Yes, Joshua and Greg are right, in my view, that they have a reasonable chance of doing a little better than the actively managed funds. If an actively managed fund earns 9% after its 1.5% fees, they might do 10.5%. And that’s nothing to sneeze at. But that extra return comes not from wise stock picking, but from saving the fee.

So why not just use index funds?

Two reasons.

First: it’s no fun. I’m not kidding. That’s why I don’t use them. I do-it-myself because it’s just so darn interesting and stimulating and exciting, and because on some level I think that with all my smarts and experience I really can beat the market. And sometimes I do great (the result of brilliance and insight) and sometimes I do rotten (the result of bad luck or management’s dirty dealing) and when it’s all evened out, I would probably have done better in index funds.

Second, you get to control the tax consequences. (Well you get to control everything. And control is a word many of us know well . . . control, control, control . . . but that goes back to Reason #1.) An index fund is tax-efficient, but it doesn’t give you the flexibility to take specific losses on one or two disasters (up to $3,000 of which serve to lower your taxable ordinary income each year) while letting your profits in the others run. It doesn’t let give your big winners to Alma Mater instead of cash for your 25th reunion gift. (Cash is good, but appreciated securities — stocks that have gone way up that you’ve held more than a year — are the way to make large gifts.)

So there is a case for doing it yourself, now that brokerage commissions at deep discounters are all but trivial. (Note to younger readers: for all of recorded time, until about yesterday, it used to cost the Little Guy a fortune in commissions to buy or sell stocks.) But it is not that you’ll outsmart the pros.

Joshua continues: “I may be down right now, but since I started investing last summer, my portfolio is up about 25%, and during that period, the Dow has flim-flammed all over the place.
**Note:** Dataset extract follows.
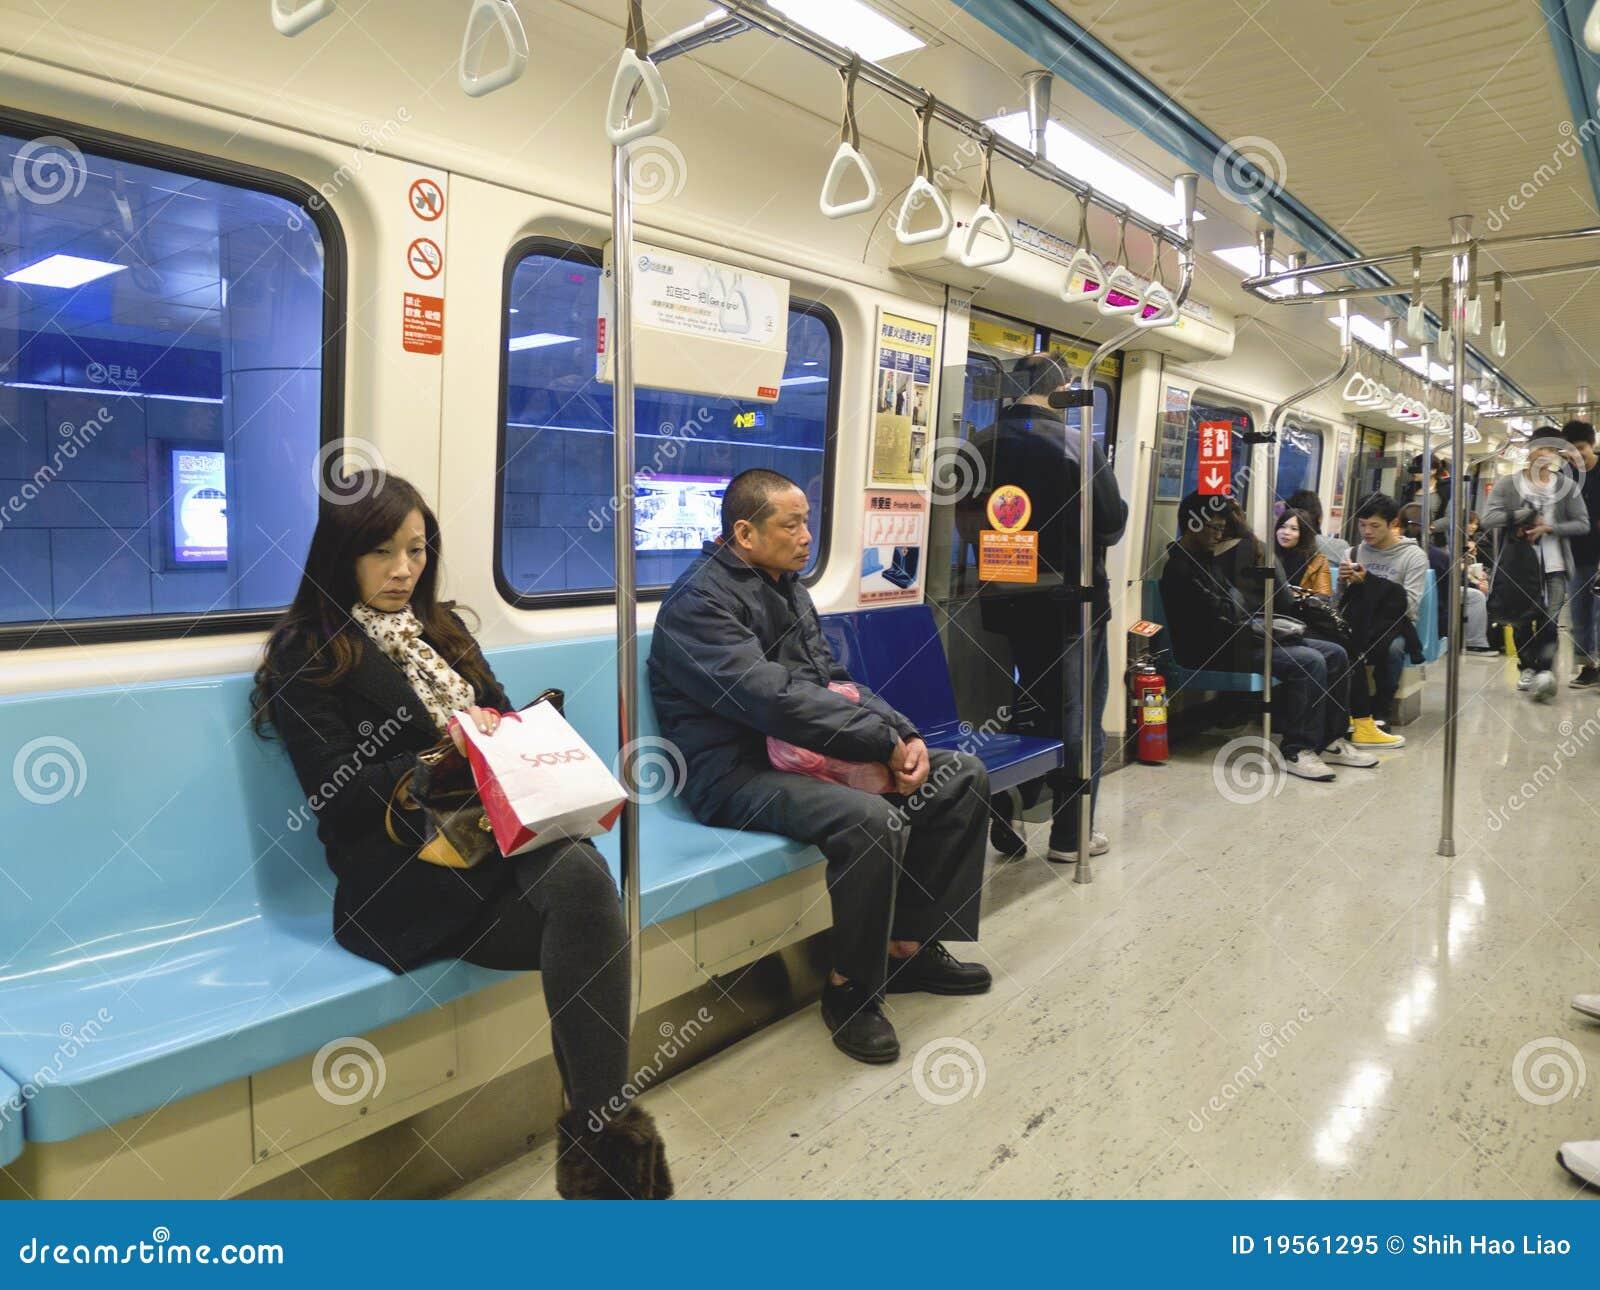 Chariot int rieur de m tro le 6 f vrier ta peh image for Metro interieur

In fact, I bought very close to the July high, just before the huge correction. And I was still able to profit, because I traded a lot, as I thought neccesary. Not all my trades were profitable. But apparently enough of them were, because I came out ahead. I did lots of research and made as logical a decision as I could on my orders, and I am pretty sure that at least for me, sitting back and letting an index fund make me a reasonable profit would have been unacceptable. That’s why I hate the Motley Fool’s Dow dogs approach. It’s good maybe for someone who wants to invest their cash and forget about it for a year. But if you can spare just a little time to learn a thing or two about the market, you could do so much better! How people can sit around and watch their stocks go down when there are far better stocks in which they could be invested, is beyond me. I can’t do it. If my stock is not performing up to my standards, it’s gone! I’ll find a better one and make my money back, and then I’ll make some more!”

That’s the spirit!

But unfortunately, the markets don’t work that way. In the first place, again, there are the taxes. People have calculated that if Warren Buffett, world’s second richest man, had turned over his portfolio once a year instead of patiently buying and holding — and something tells me Joshua turns over his portfolio even more aggressively — the poor fellow would have had barely 12% the fortune he has today. Compound $1 for 34 years at 26% and it grows to $2,585. Clip 30% off that 26% rate for taxes, bringing it down to 18%, and the same dollar grows to $278.

(In addition to taxes, there are the commissions — trivial but not zero. And there are the spreads. If a stock is 12-1/4 bid, 12-3/8 asked, there is a 1/8-of-a-point “spread.” You get clipped for $125 each time you buy-and-then-sell 1,000 shares.)

And in the second place, the markets are relatively “efficient.” At any given time, so this argument goes, all the available information is “in” the market. Yes, there will be some idiots buying and selling brainlessly, but they more or less cancel each other out (goes the theory). So only if you truly know something important that no one else does — only if, that is, you possess inside information and are willing to risk prison to trade on it — can you beat the market.

This is called the “random walk” theory of price movements, and I commend you to Burton Malkiel’s classic book, A Random Walk Down Wall Street. I don’t totally buy the theory — and neither does Malkiel. He describes himself as “a random walker with a crutch.”

But I believe, as he does, that it’s largely true.

Joshua concludes: “You probably think I must be one arrogant guy.”

No, you sound like a terrific guy. But young, and I don’t want to see you get burned. Or addicted. “A couple of hours a day” is a lot of your life. Are you sure this is how you want to spend it? The answer need not necessarily be “no.” But the question should be asked.

Tomorrow: One final point on this topic.

Are the Lights On Down There?

February 8, 1999February 12, 2017

I think I have solved the Y2K problem, at least in part.

Like most of my clever ideas, this one came from one of you. I would attribute it, but it just came in passing a while back and I only recently realized its value. (So thanks, whoever you were.)

Namely, we get a day’s warning. That is, we should have some sense nearly a full day before the stroke of midnight December 31 just what we might be up against. Because, as you know, it is already tomorrow in Australia. So if the CNN correspondents I expect to be swarming Australia for this very reason show you pictures of the lights on in Sidney . . . and if you can reach your old pal in Melbourne by phone (or the new e-pals you might make for this purpose) . . . then at least you’ll know that the fundamental life-and-civilization-sustaining force — electricity — is likely to be with you on New Year’s day, 2000, in America.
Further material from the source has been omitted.